McCann has held leading roles in Hairspray, Into the Woods, Les Miserables, and now Ragtime, in which he portrays a character simply known as father, the patriarch of the white, well-educated, upper-class storyline in the suburb of New Rochelle. Father, who sells fireworks and other, as he describes them, ‘accoutrements of patriotism’ to immigrants eager to show their national pride, leaves the comfort of his family for extended periods of time to venture on quests of exploration. After returning from a real-life journey to the North Pole with Admiral Robert Peary, father finds his family dynamic turned upside down in ways he had never imagined.

“At first glance he is the one static character in the show, as his one defining characteristic is that he doesn’t want anything to change,” McCann said. “The most challenging thing about playing him is deciding if I’m supposed to be portraying him as unchanging or if I can somehow show that inner confusion and turmoil within him as he tries to keep his perfect life together. He’s not one of the heroes of the story, but at the end he is definitely changed.”
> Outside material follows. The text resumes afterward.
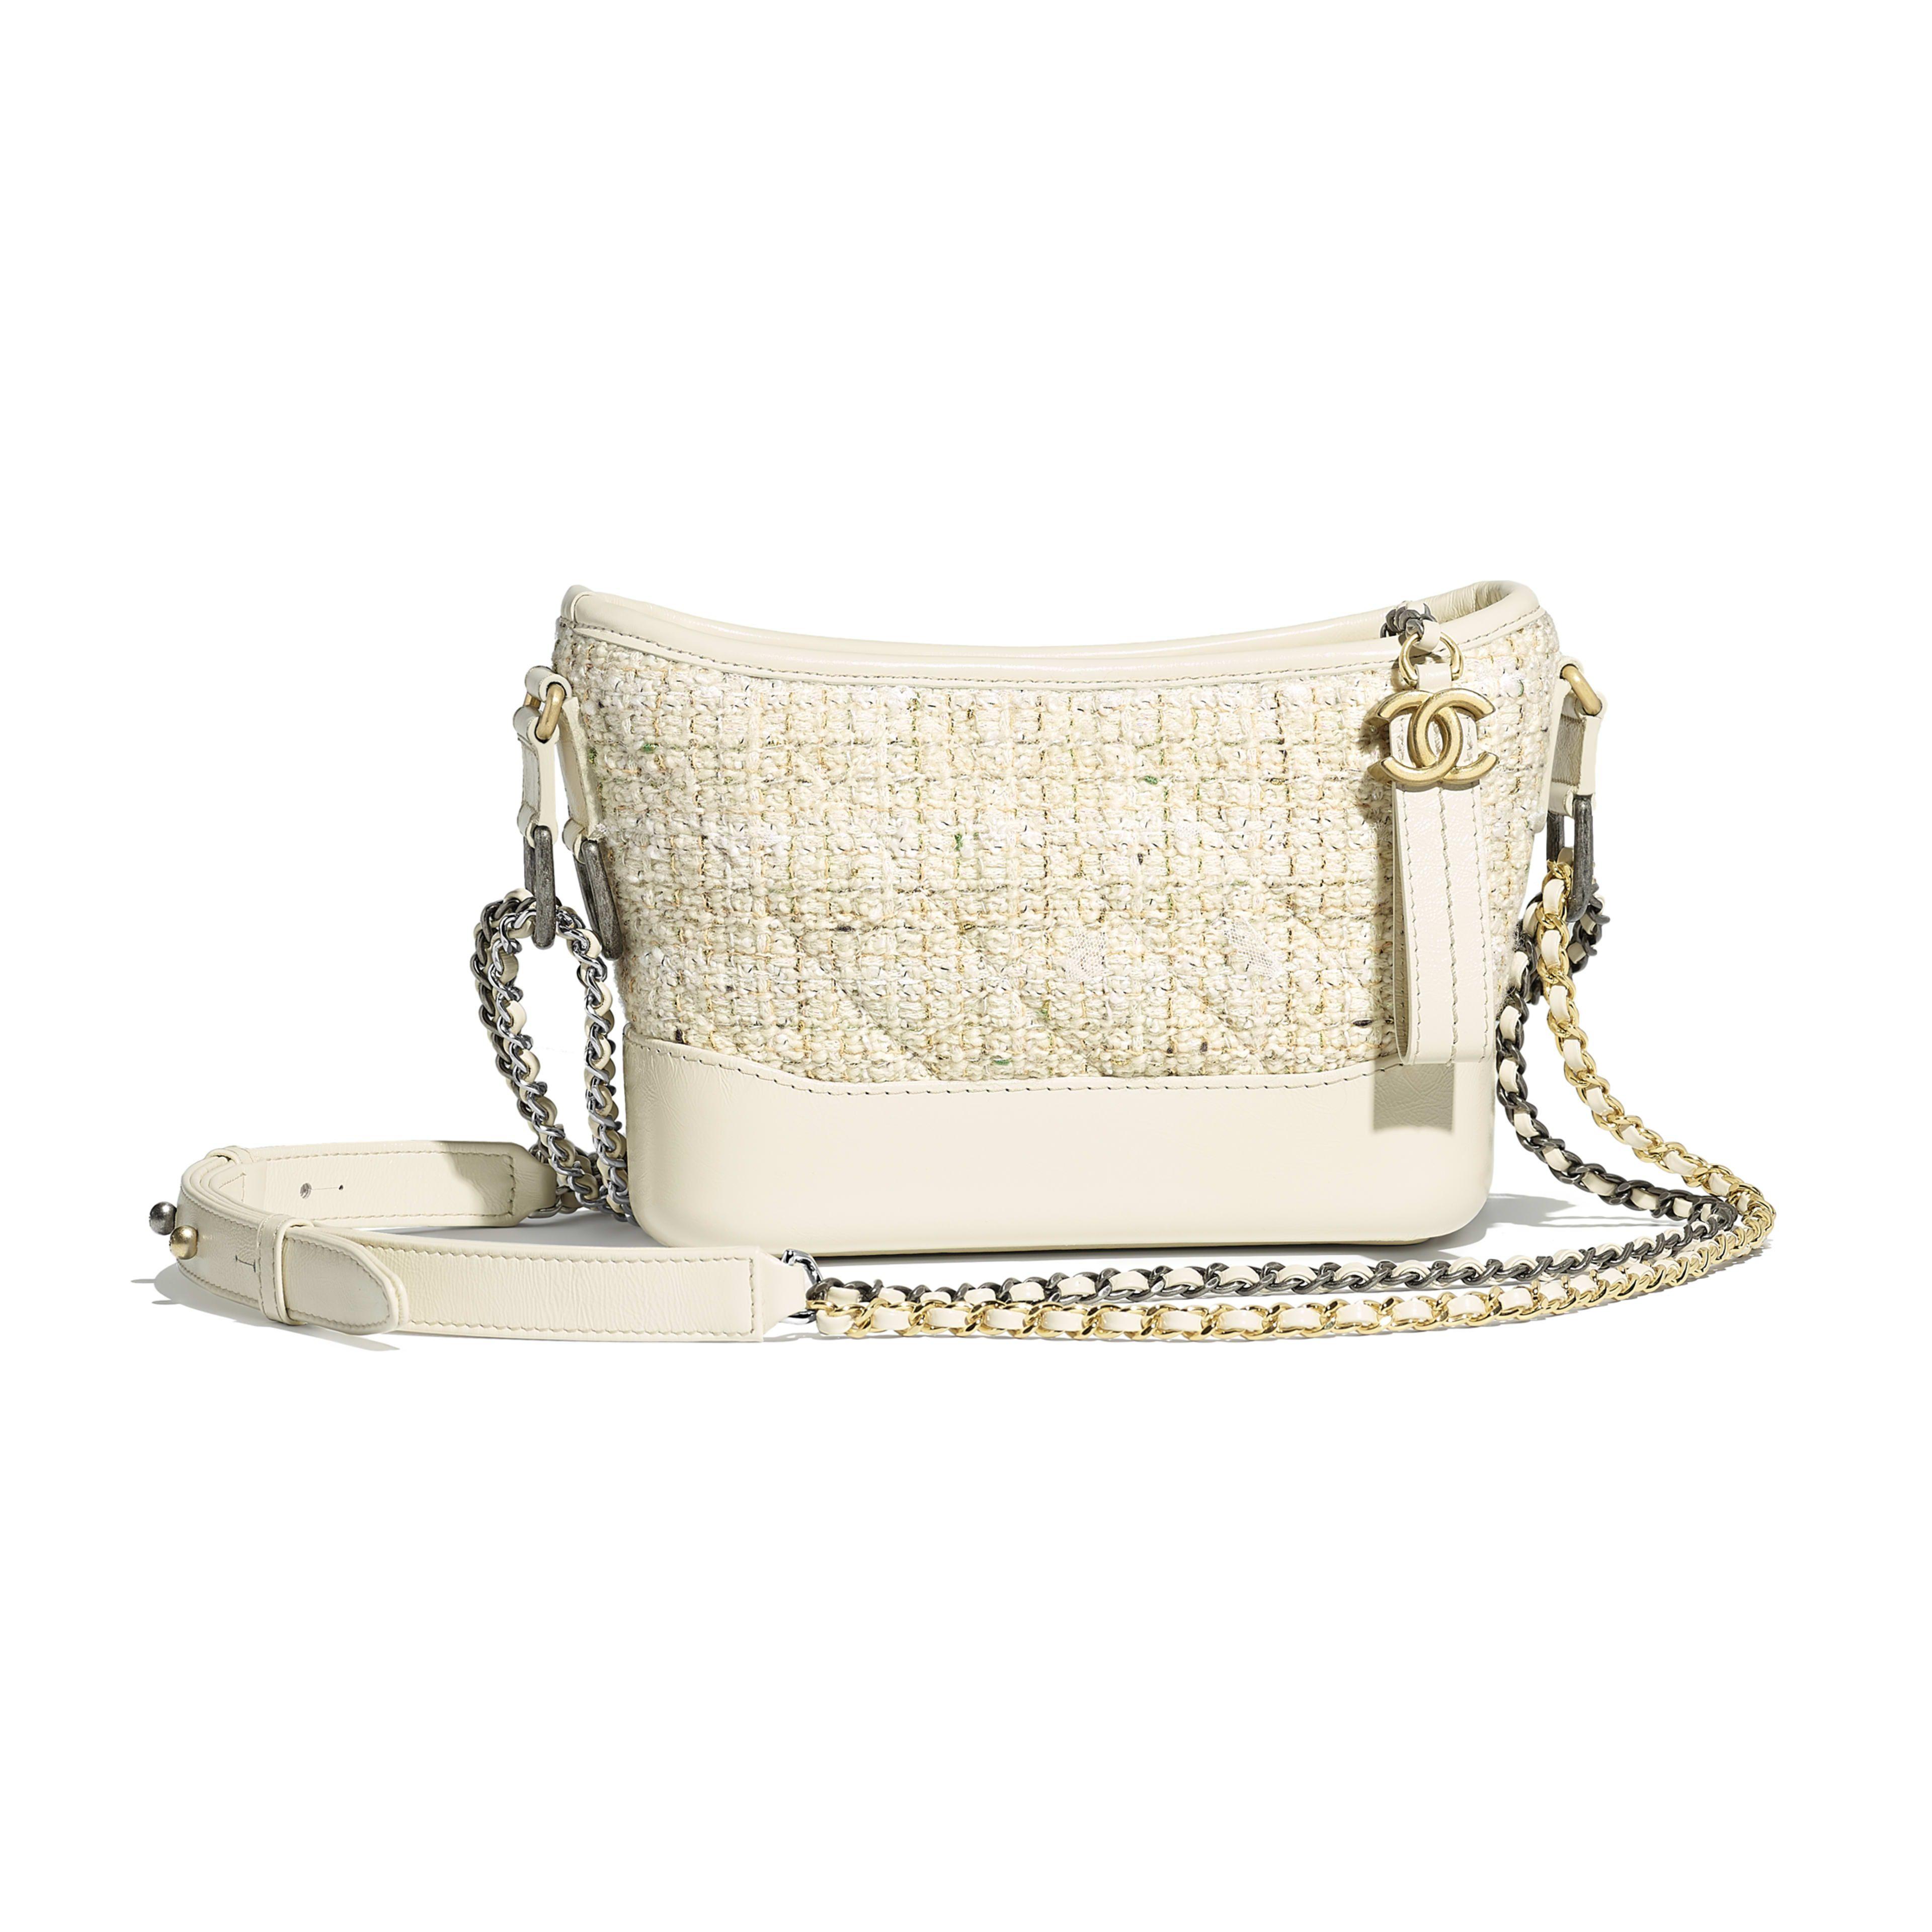 bb094786e2cc CHANEL S GABRIELLE Small Hobo Bag Tweed

Ragtime is perhaps such an apt show for this year because its timeless themes of race relations and acceptance are particularly topical in the wake of the recent events in Ferguson, Mo. and Staten Island, N.Y., which have again thrust racial issues under the microscope of national attention.

“It’s interesting how it deals with issues that are almost perpetually in the forefront of the American mind,” DesBois said. “The book was written in the 70’s in the wake of the Civil Rights movement, and it’s still completely relevant today.”

“I think a really cool, kind of interesting connection is one of the biggest numbers in the show after all of this violence and a great tragedy has occurred and the entire cast sings ‘Till We Reach That Day’ and it’s about this great day in the future where there will be no more violence and there will be equality and justice for everyone,” McCann added. “The thing is, we’re still not there. It’s over 100 years from when this play was set, and we’ve come a long way, but we’re still not there. There’s still a lot of work to be done, and that’s something that strikes home with the entire cast when we sing that song. It’s a beautiful number.”

Both DesBois and McCann have aspirations to enter the performing arts in some capacity when they graduate this spring, and their experiences working on the J-term musical have proved useful in shaping their future plans.

“It’s definitely been a great experience to work on a professional schedule, which is what we’re doing,” DesBois said. “It’s very helpful for gauging whether or not this lifestyle is for me, and I’m finding that I can handle this kind of grueling schedule, which is great.”

Musical theatre is often only popular with a niche audience, but each J-term production has drawn students from all over campus as well as the larger community, and the quality of the musicals continue to amaze.

“We work really hard and we put on great shows,” McCann said. “The reason the Town Hall Theater is able to do so many events is because people in this community love the arts so much. I think it’s popular amongst students because it creates this intense, close community. You spend three weeks, six hours a day with the same people. You build closer friendships in those three weeks than you do in your entire college experience, and I will continue to tell people that it is great and that they should do it because it’s terrific.”

Ragtime opens tonight, Jan. 22 in the Town Hall Theatre at 8 p.m., and will have subsequent shows at 8 p.m. on Friday, Jan. 23 and Monday, Jan 26, with a matinee performance at 2 p.m. on Saturday, Jan. 24. Tickets are sold out for each performance.